[What you will do] Could you give back exactly the lines below from the one with "La vista sui" through the one with "Mucosolvan 15 mg - Lutschpastillen", without a single picture?

[Study material]
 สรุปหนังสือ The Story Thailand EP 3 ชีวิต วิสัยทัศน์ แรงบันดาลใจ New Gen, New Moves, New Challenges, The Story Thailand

* * *

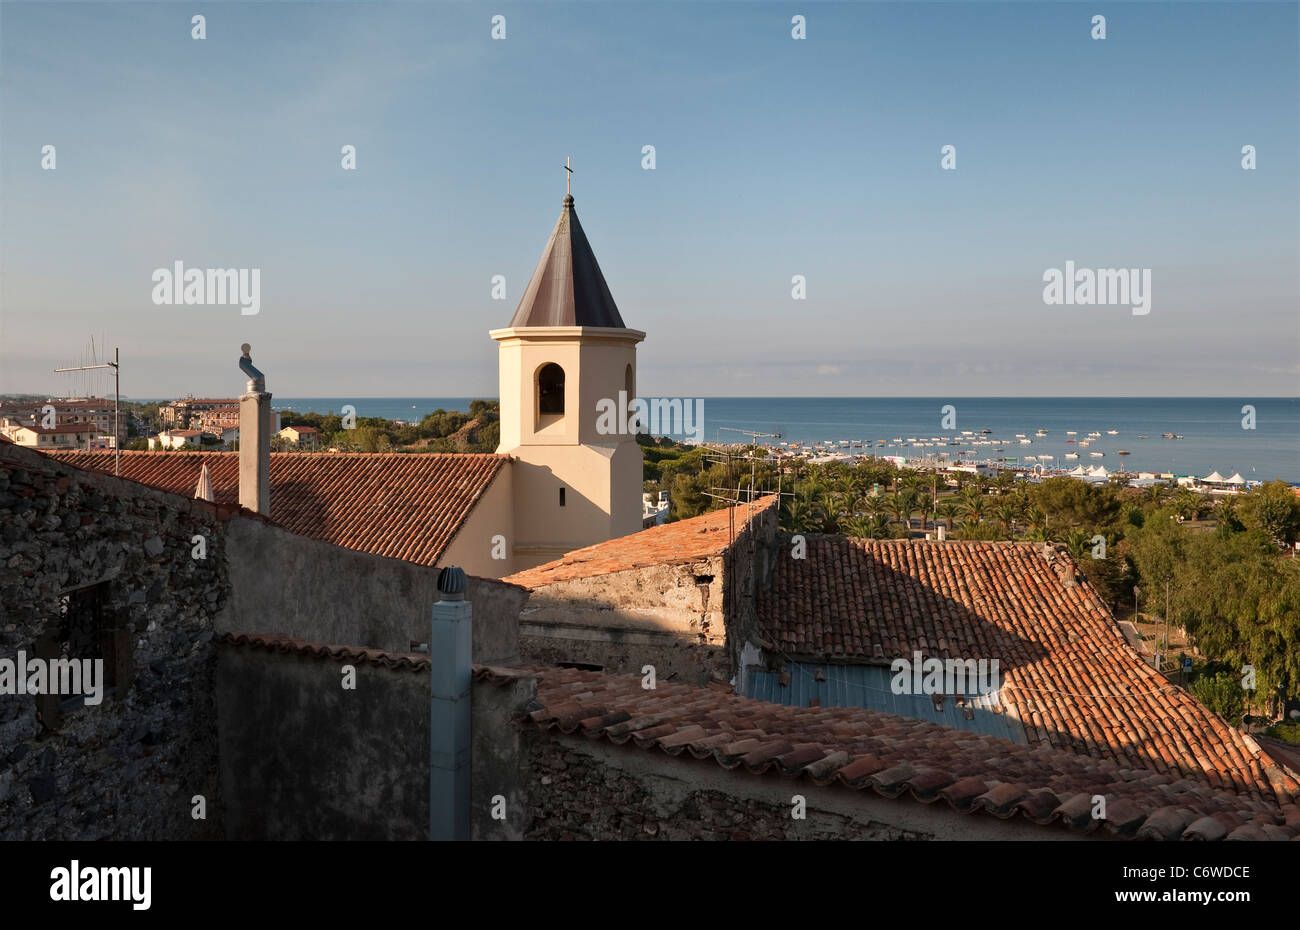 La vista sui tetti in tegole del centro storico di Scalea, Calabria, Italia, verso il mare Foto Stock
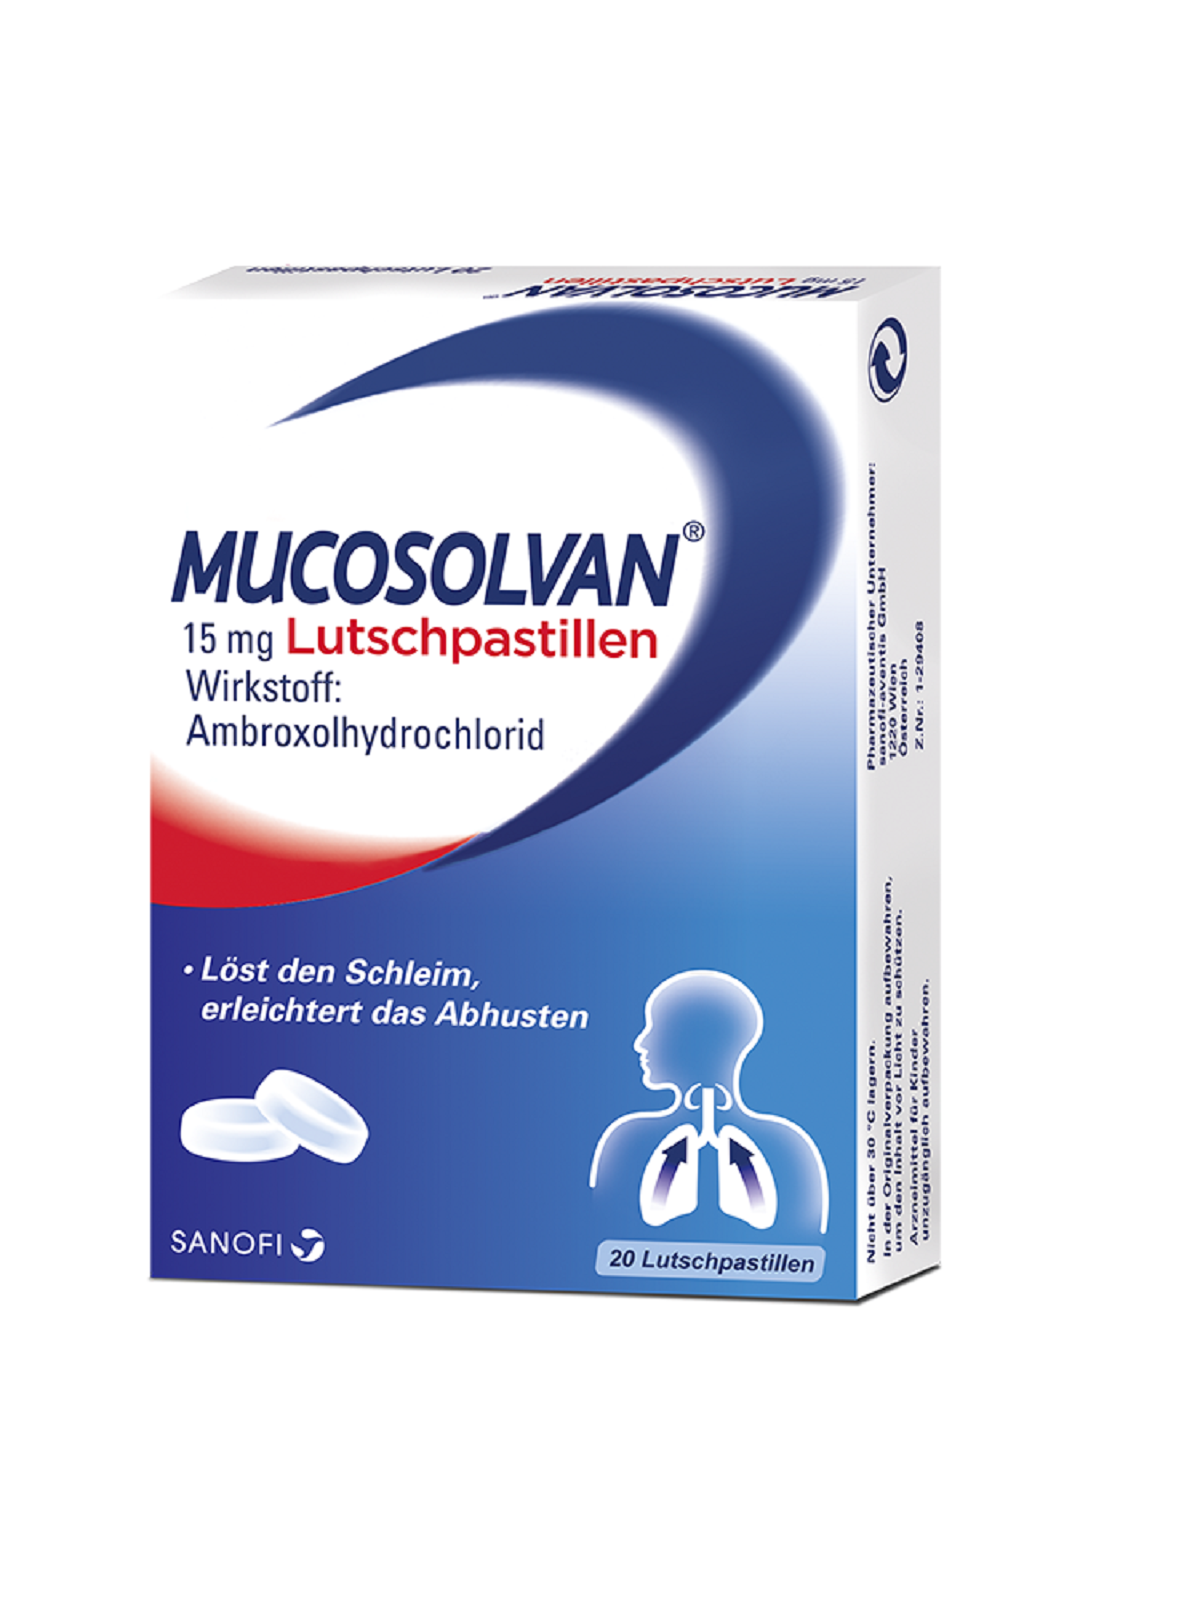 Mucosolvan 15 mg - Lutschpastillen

[Result of this task]
 La vista sui tetti in tegole del centro storico di Scalea, Calabria, Italia, verso il mare Foto Stock
 Mucosolvan 15 mg - Lutschpastillen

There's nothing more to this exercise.